An outdated, corrupt system

Havkin-Frenkel explains that the steep cost of vanilla stems mainly from the antiquated, poorly regulated, corruption-riddled vanilla industry in the few countries where it’s grown, principally Madagascar — source of 80% of the world’s vanilla.

“This is a manmade crisis,” she says.

While vanilla growers earn next to nothing, the middlemen – pod collectors and curers – artificially drive up the retail price to hundreds of dollars per kilo.

On top of that, practices such as too-early picking and vacuum-packing result in an end product of inferior quality, Havkin-Frenkel says.

“Regulation is awful. There’s a lot of cheating and corruption. The whole system of growing vanilla is not working,” she charges.

“The market is huge and the supply little. We have to start growing vanilla in countries where we have proper regulation, enforcement and infrastructure. Then we’ll also have healthy competition.”

Flowering and curing

A visiting scientist in the department of plant pathology and biology at Rutgers, the State University of New Jersey, Havkin-Frenkel comes from Ramat Yishai in northern Israel.

She earned a master’s degree in plant pathology from Hebrew University as well as an MBA and a PhD in food science from Rutgers.

Vanilla expert Daphna Havkin-Frenkel peeking at her vanilla plants at Rutgers University in New Jersey. Photo: courtesy

She worked for many years for US flavorings company David Michael, which was acquired in 2016 by International Flavorings and Fragrances, the same multinational now buying Israel’s Frutarom for $7.1 billion.

“The flavor industry is very secretive,” Havkin-Frenkel says. “Only a handful of companies extract vanilla.”

Havkin-Frenkel’s improvements for vanilla-growing include identifying genes for desirable traits such as disease resistance, and a much shorter curing process that is computerized, hands-free and doesn’t require sunlight drying.

“Traditionally, women check each bean by hand and if it’s not ready they put it back in the sun, a very labor-intensive process. My curing process takes two weeks instead of six or seven months. I’m trying to help people in other countries to use this dehumidifying method instead of the sun. They can even use electricity supplied by generators.”

She’s also working on accelerating vanilla’s long flowering process from three years to one year, and its fruit development from nine months to three or four months.

“If we can shorten flowering time, get more flowers per plant, and have fruit developing within a few months, that would be a huge advance but the genetics is complicated.
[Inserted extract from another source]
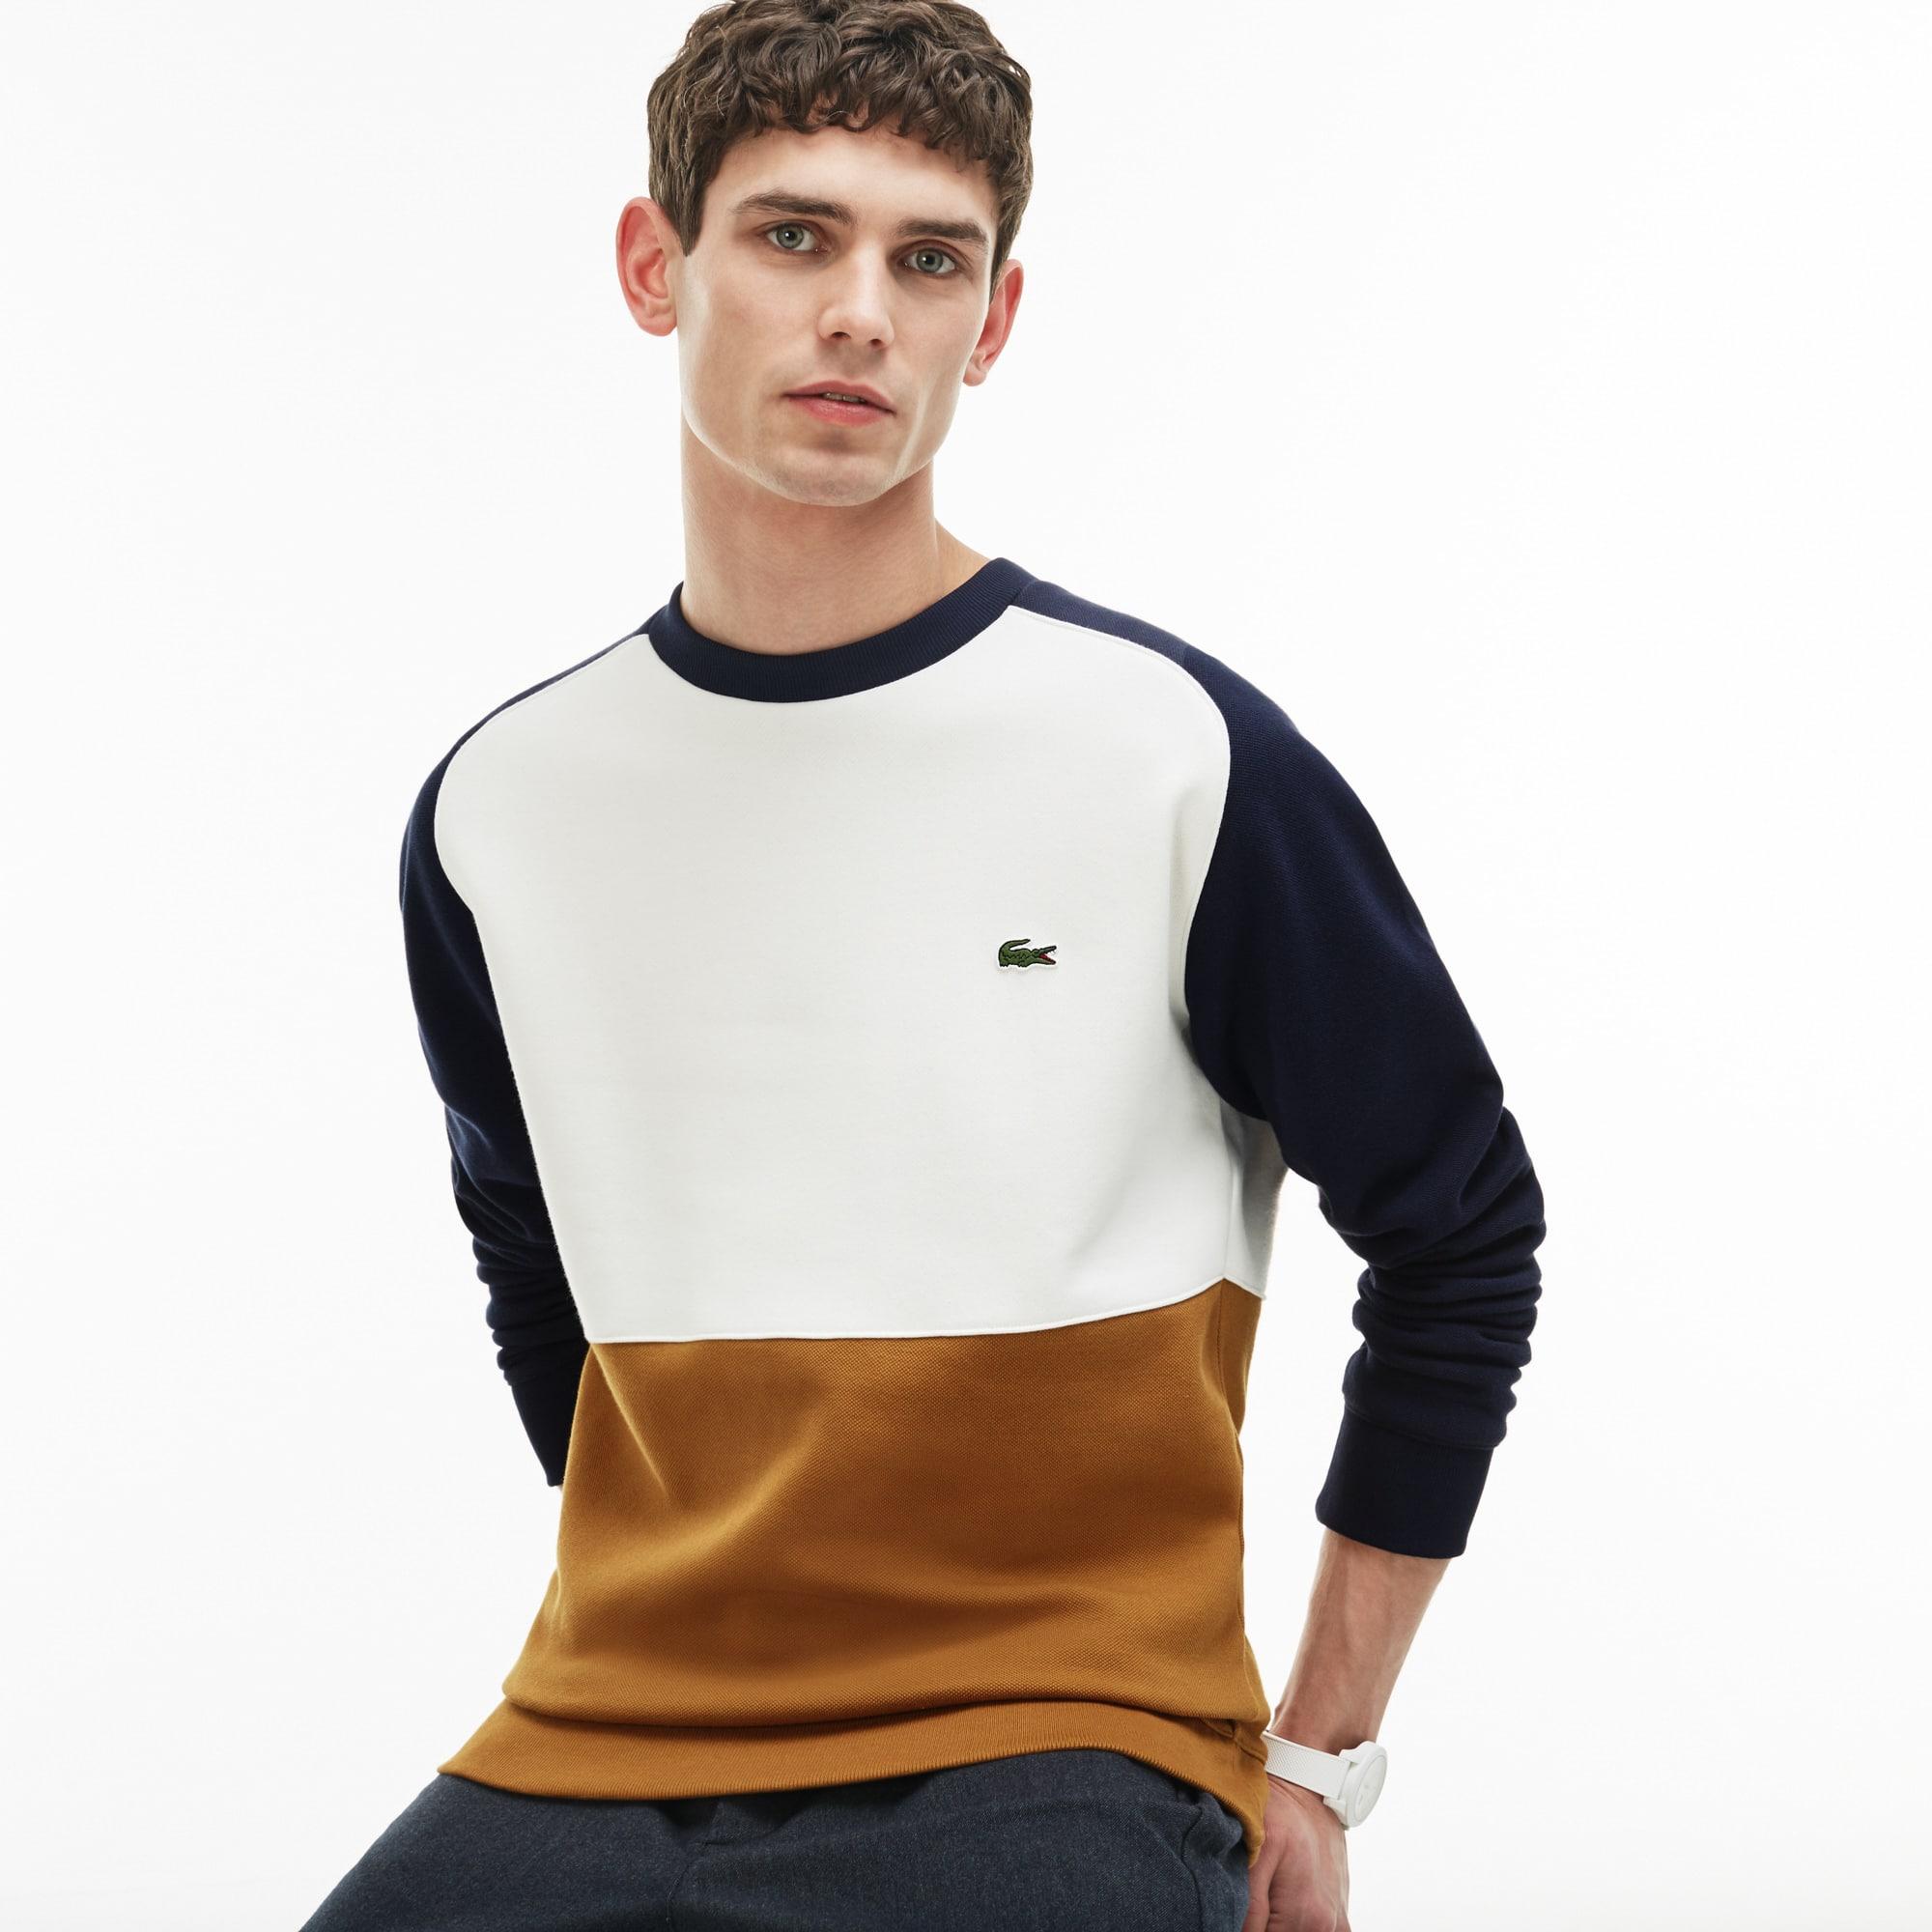 قميص ثقيل من صوف قطني مُحاك بأسلوب بيكيه ذو خطوط بألوان متباينة للرجال

We’ve also started trying to genetically manipulate vanilla to produce more vanillin, its main component.”

Don’t try this at home

In 2003, Havkin-Frenkel founded Bakto Flavors in New Jersey to carry out consulting and research on vanilla, oregano and other natural products in collaboration with Rutgers University and other top institutions around the world.
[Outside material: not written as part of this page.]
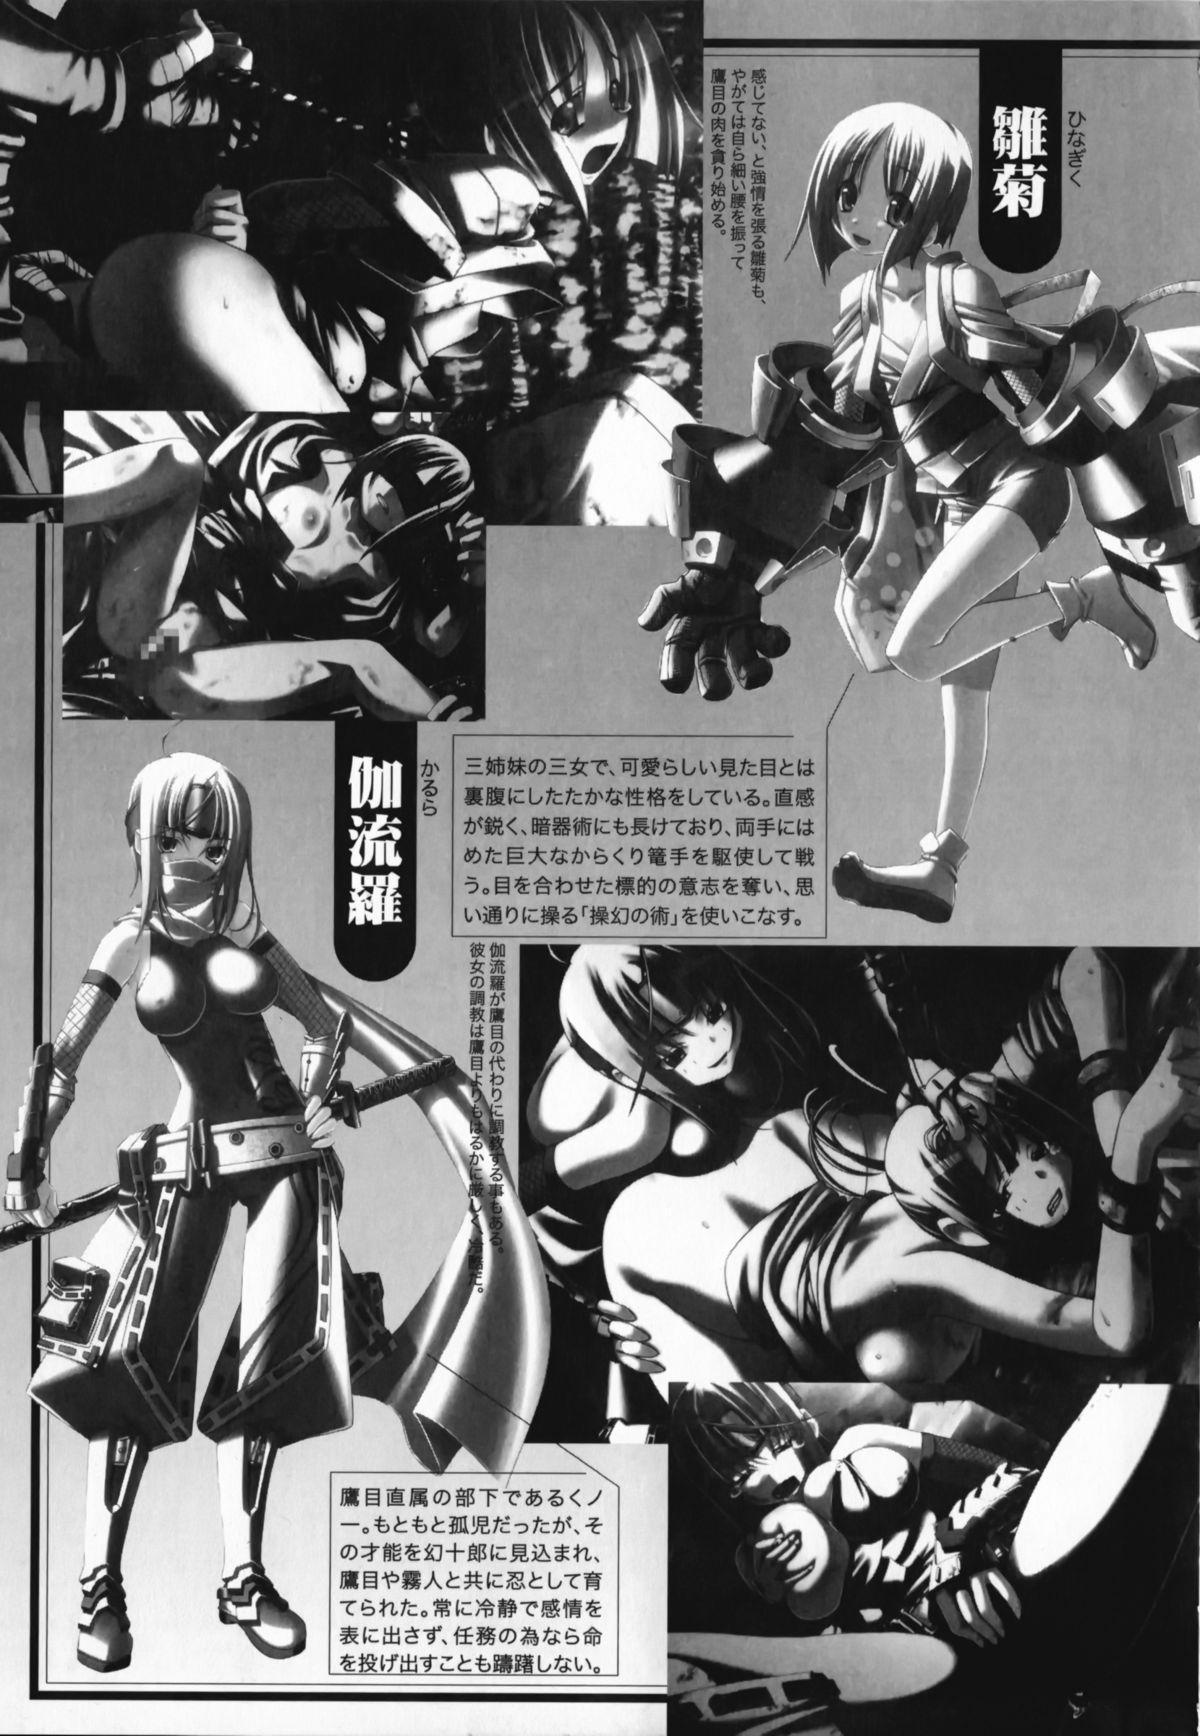 Nukenin - Hokaku, Soshite Choukyou e... 7

“Our work results in papers published in highly regarded publications and invitations to international seminars,” she says.
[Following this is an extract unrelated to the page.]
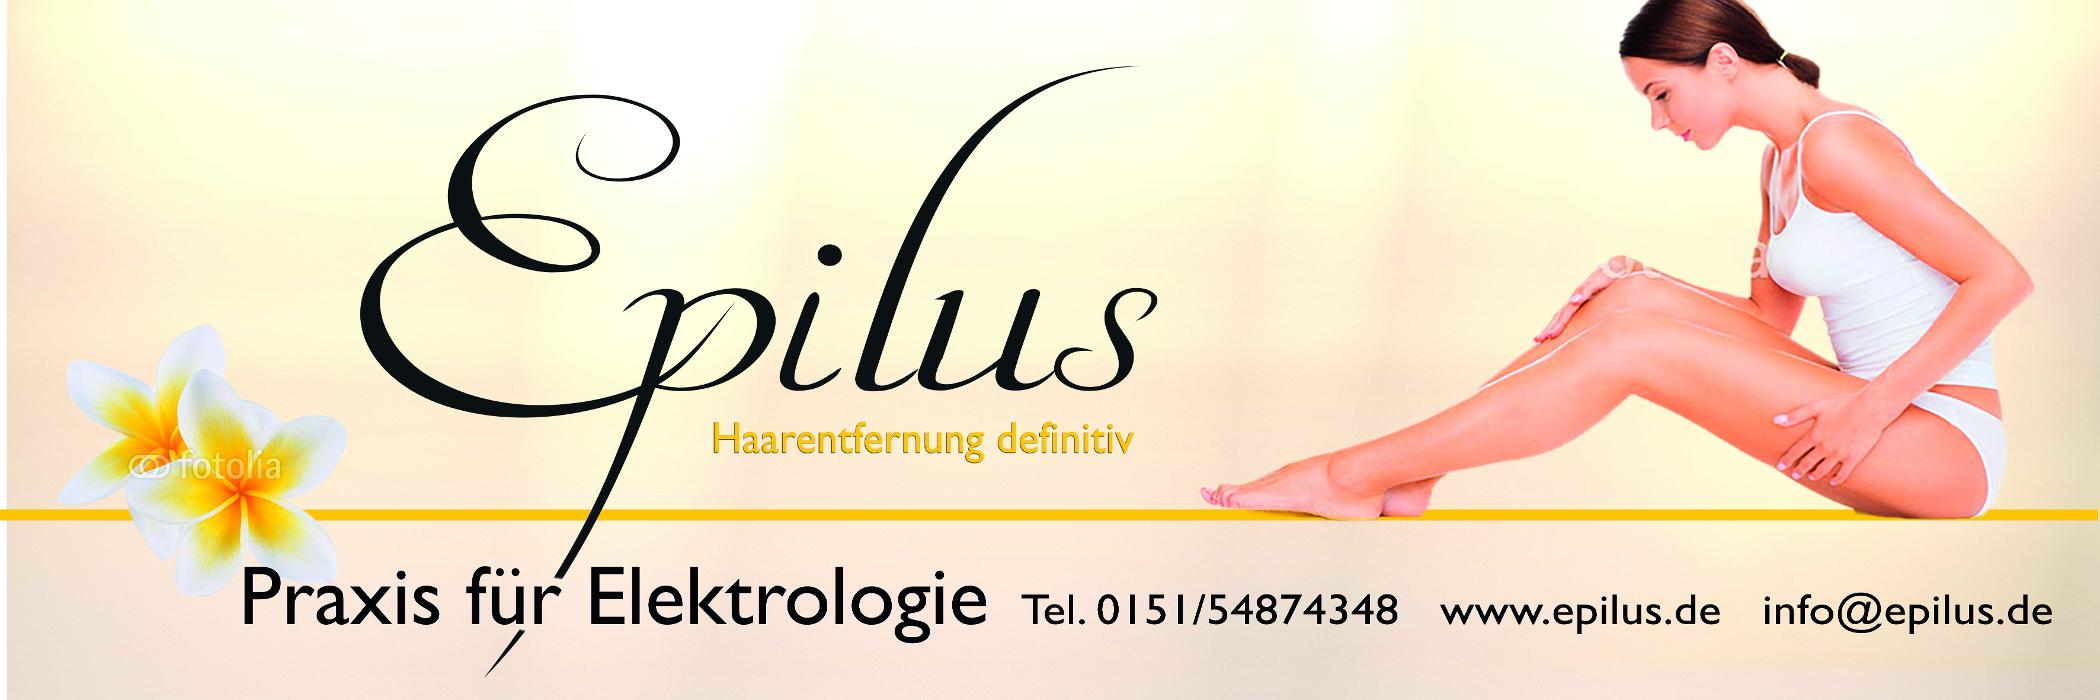 Bild zu Epilus Praxis für Elektrologie in Pfaffenhofen in Württemberg

For the past decade, Bakto has been selling its own branded vinegars, flavored cane sugars and flavor extracts, including vanilla products using beans from Madagascar, Tanzania and Papua New Guinea.

With the proper expertise, vanilla can be raised almost anywhere, Havkin-Frenkel says, although she cautions home gardeners not to go out and buy vanilla plants.

“They can be diseased or they can be the wrong species and won’t flower. You need a lot of knowledge to get maximum yield.”